I made the background myself. It is made out of PVC-pipes.
I got the plants from Dutch Rana.

Don't know for sure which frogs but definitely smaller types of frogs like Pumilio or Ranitomeya.


----------



## rabu92 (Mar 9, 2013)

It seems we have the same taste, I'm doubting between pumilio and ranitomeya for my tank. It does seem to be hard to find them in Belgium though. They're all imported, I can't seem to find anyone breeding them.
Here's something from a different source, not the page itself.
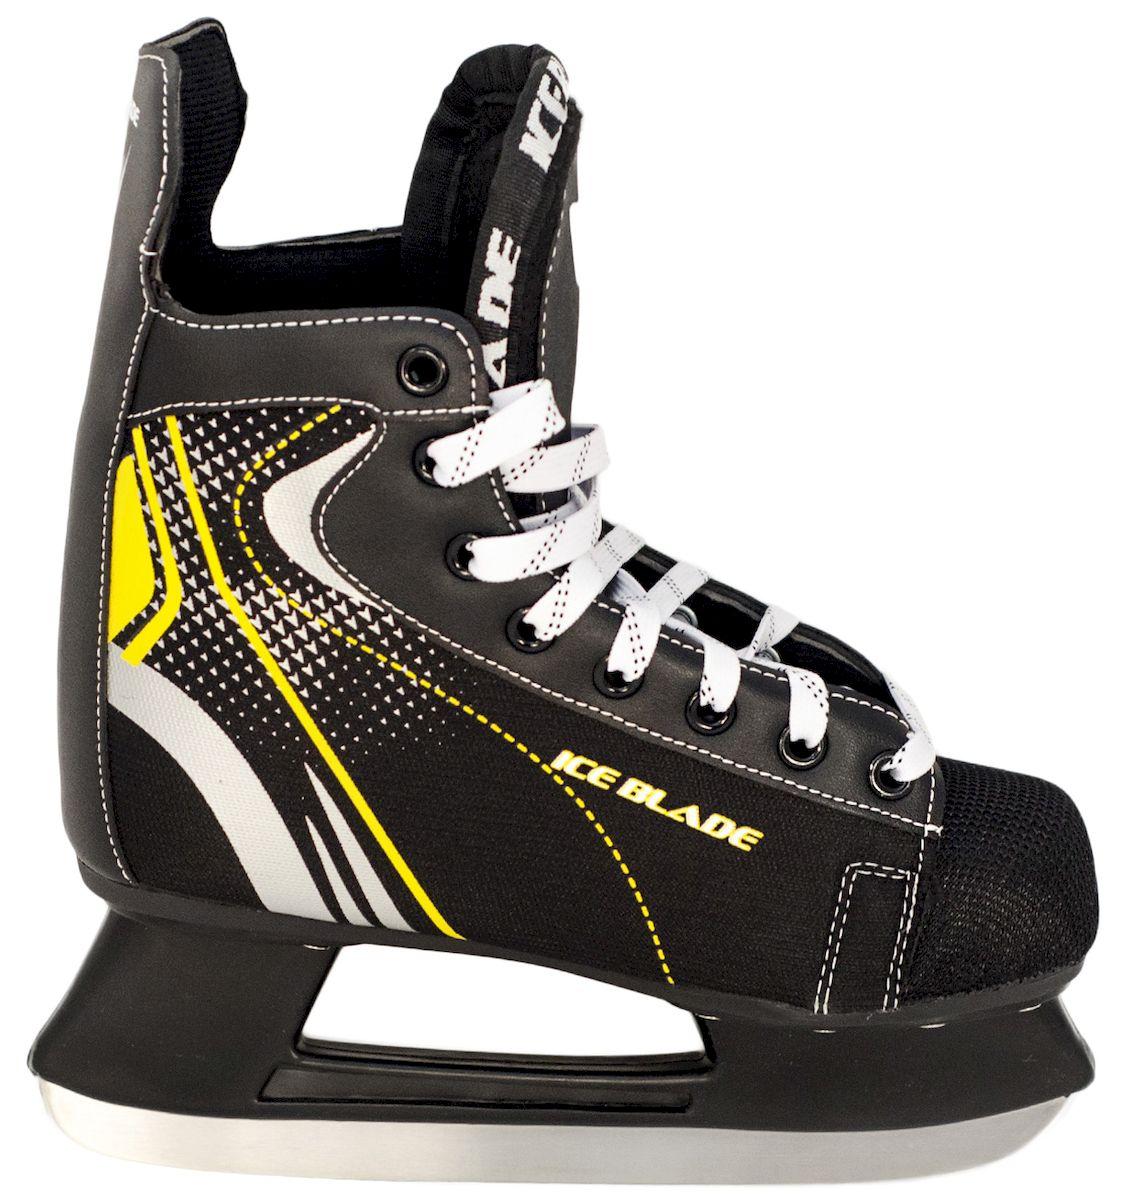 Коньки хоккейные Ice Blade Shark, цвет: черный, желтый. УТ-00006841. Размер 36УТ-00006841Коньки хоккейные Shark имеют модный яркий дизайн, поэтому данная модель очень популярна у любителей хоккея.Ботинок выполнен из искусственной кожи, высокопрочной нейлоновой ткани и ударостойкого пластика. Лезвие изготовлено из высокоуглеродистой стали с покрытием из никеля, что гарантирует прочность и долговечность. В качестве внутренней отделки используется вельветин с утеплителем. Коньки поставляются с заводской заточкой лезвия, что позволяет сразу приступить к катанию, не тратя время и денег на заточку. Коньки подходят для использования на открытом и закрытом льду.Удобная система фиксации ноги и улучшенная колодка сделают катание комфортным и безопасным.

Are you going to add more plants and leaf litter? Looking forward to seeing these tanks evolve.


----------



## bernddd (Jan 19, 2013)

If I had to choose between Pumilio and Ranitomeya, I'd probably choose Pumilio. 
They seem to be more active to me. 

Adding leaf litter and more plants in the bottom tank is definitely on my list, but in the top tank there are enough plants I think. If I use too many plants, the background wil be less visible and I want it to be the eyecatcher. 
Would you use leaf litter in the top tank?


----------



## rabu92 (Mar 9, 2013)

Well frogs and microfauna do appreciate leaf litter. Plus with the background you have it will definitely look good. Like a forest floor.


----------



## bernddd (Jan 19, 2013)

You're probably right. Leaf litter will add something authentic to the tanks, so I will use it in both. 

Which Pumilio and/or Ranitomeya do you like?


----------



## rabu92 (Mar 9, 2013)

Favorite Ranitomeya: Ranitomeya imitator varadero
Favorite Pumilio: Oophaga pumilio cristobal


----------



## Amphinityfrogs (Jan 30, 2013)

bernddd said:


> Thank you. And it is indeed aluminium.
> I'm from Belgium.


I've always wondered. Where do you guys find this aluminum? And how strong/sturdy is it? It just looks so clean and neat.


----------



## Adam R (Jun 26, 2013)

great background on the top tank. creative construction


----------



## bernddd (Jan 19, 2013)

Amphinityfrogs said:


> I've always wondered. Where do you guys find this aluminum? And how strong/sturdy is it? It just looks so clean and neat.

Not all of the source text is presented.